Pretty much as topic says, Are SSL(HTTPS) file downloads slower than normal HTTP?  If so is there anything I can do to speed them up, or any sort of compression or something I should have enabled in NGINX ?


----------



## perennate (Jan 2, 2016)

Unless the data is highly compressible (e.g. text files), SSL won't significantly increase the traffic transmitted. If it is compressible, then you can enable gzip compression over SSL, but this has some security issues and isn't recommended unless absolutely needed.


It's more likely that the computation overhead of cryptographic operations will impact performance (although only if the client has a high-throughput connection, and also only for large files). If CPU is the bottleneck, then compression won't help; in fact, it'll make it worse since compression also has high computation overhead compared to just dumping the stream to file. There's not much tuning you can do on the client-side unless you have access to the client. On the server, you can make sure that the AES CPU feature is enabled.


Obviously the first thing to do is to test download over HTTP and then over HTTPS and see if there is even any performance impact from SSL, and if there is an impact, to see what the bottleneck is.


----------



## KuJoe (Jan 2, 2016)

Some ISPs are known to throttle encrypted traffic so, depending on the ISP, SSL downloads can be significantly slower. When I was using Comcast almost 3 years ago an HTTPS connection would be about 1/10th of the speed of HTTP (this was somewhat resolved when they upgraded everybody to 100Mbps).


----------



## SkyNetHosting (Feb 19, 2016)

The initial response time would be faster but the download time should be slower for https than http downloads. But overall there shouldn't be any significant difference.


----------



## GlideServers (Feb 24, 2016)

Downloads are slower in https than http, however it is a very very small difference.

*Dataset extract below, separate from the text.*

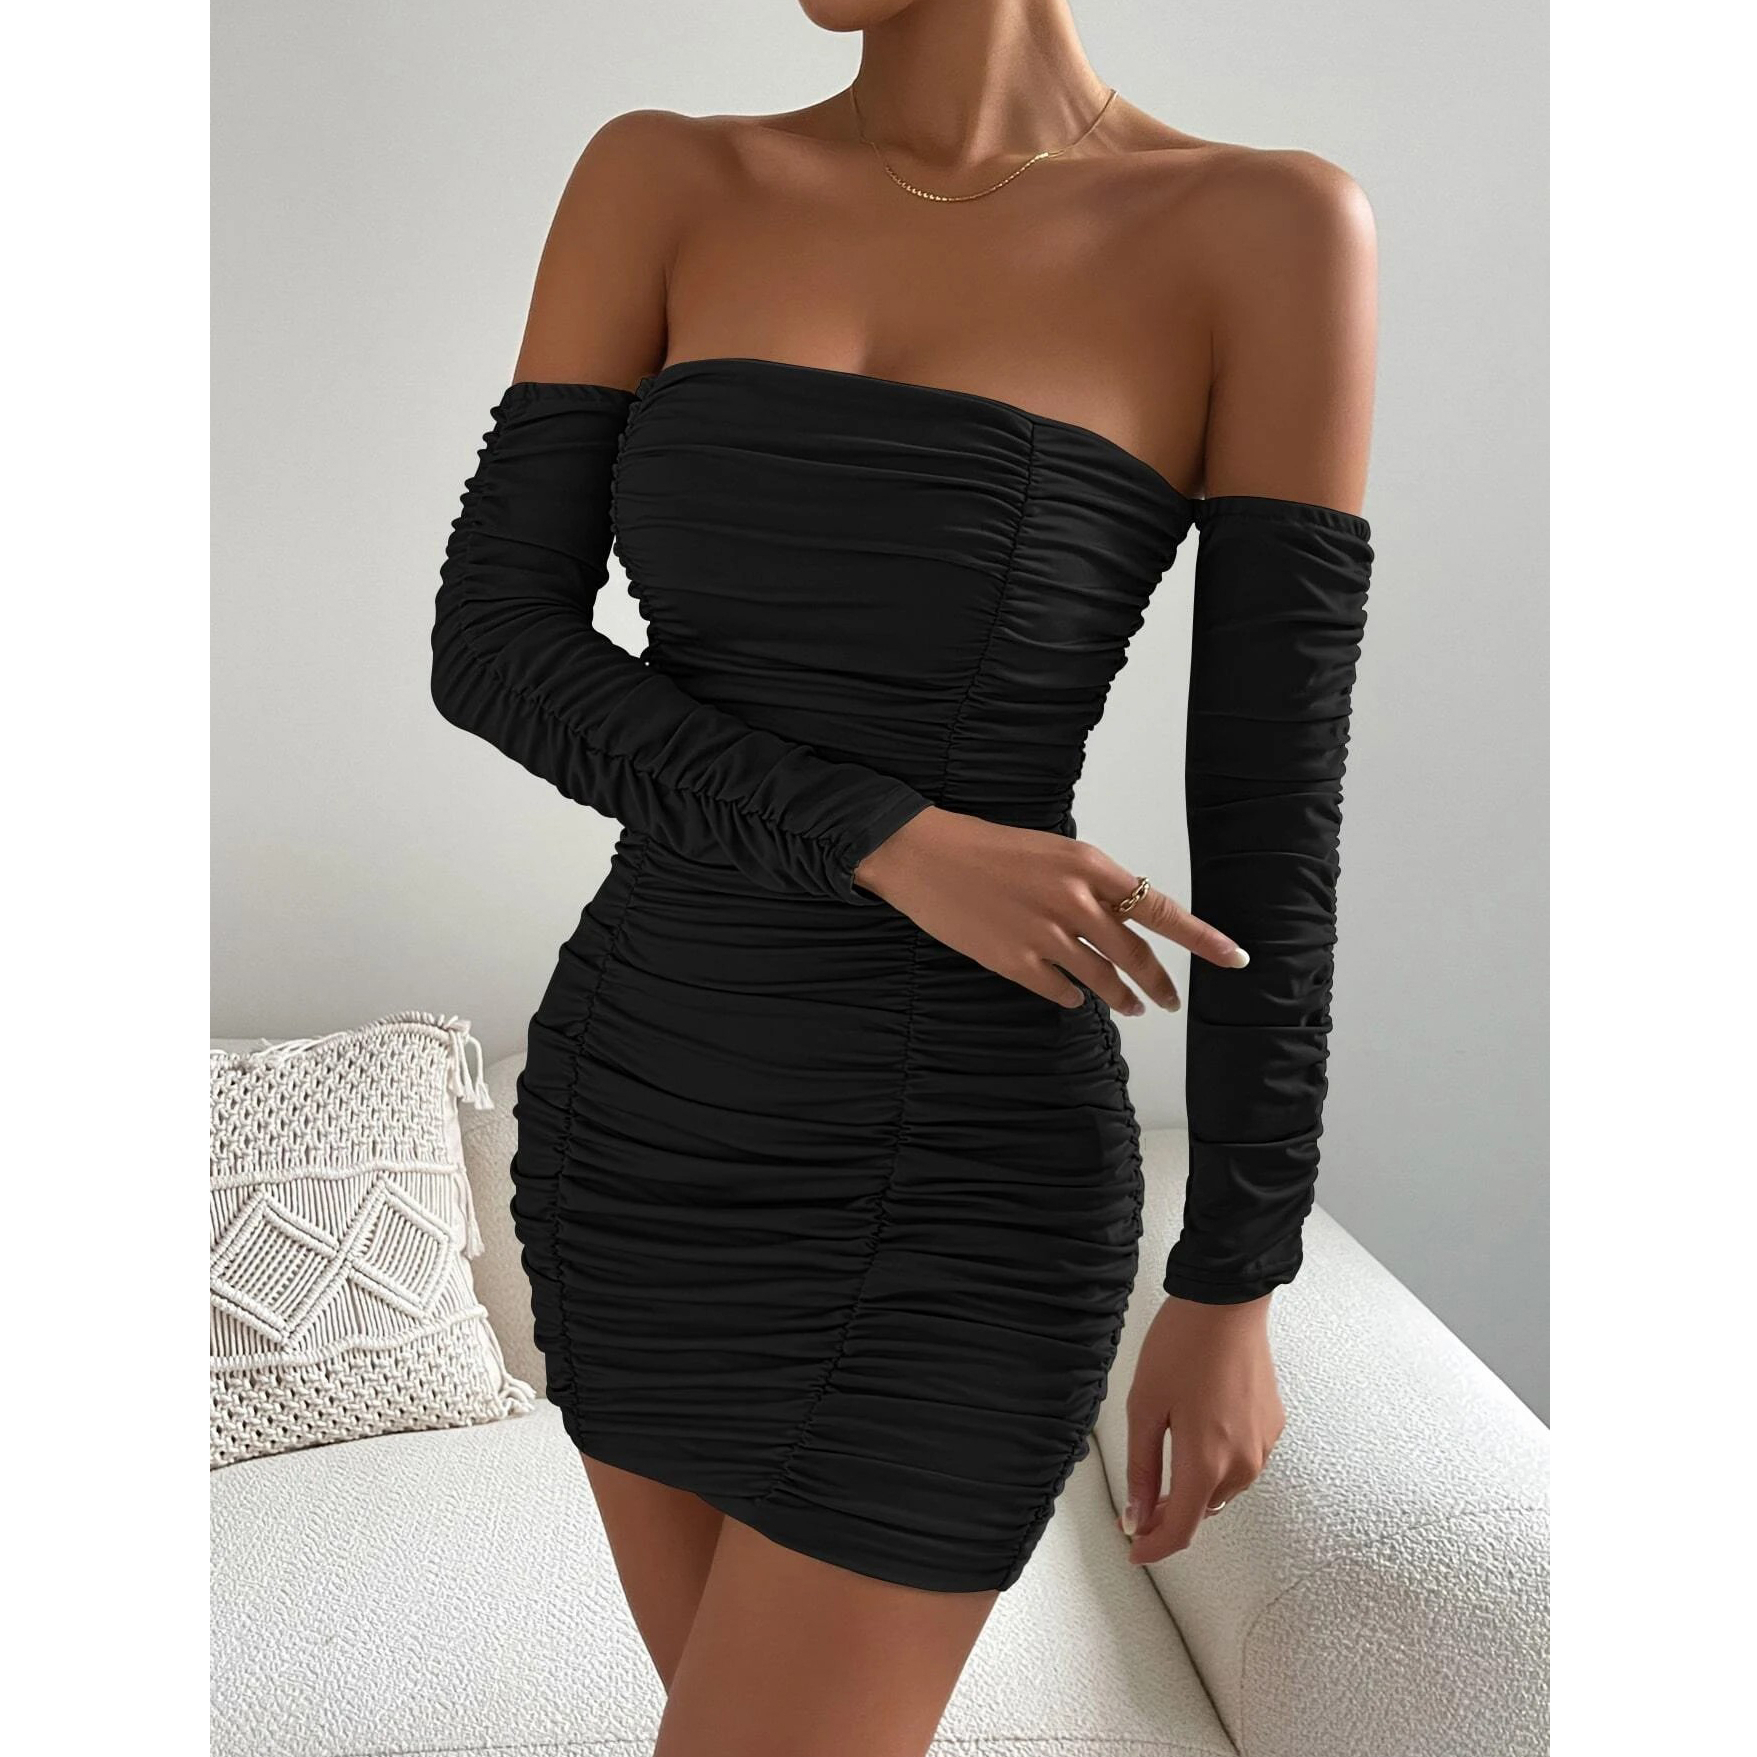 Off Shoulder Ruched Bodycon Dress - Black, X-Small(2)

It is slower because https has to handshake, but this only takes about 2ms.


There is no significant difference.


----------



## drmike (Feb 24, 2016)

Depends.  


Bigger the data payload is, the more overhead.  More retransmits, more bloopers, more CPU.  It's good and fast on modern CPUs like 2010 year onward.


Gzip should be ran all over by default.  It works and compresses very good and very fast.  Ideally that is used in conjunction with a backend cache to prevent gzipping same stuff over and over.


I'd fuss with what you have and use something webpagetest.org to get outside real world different views of the options.


----------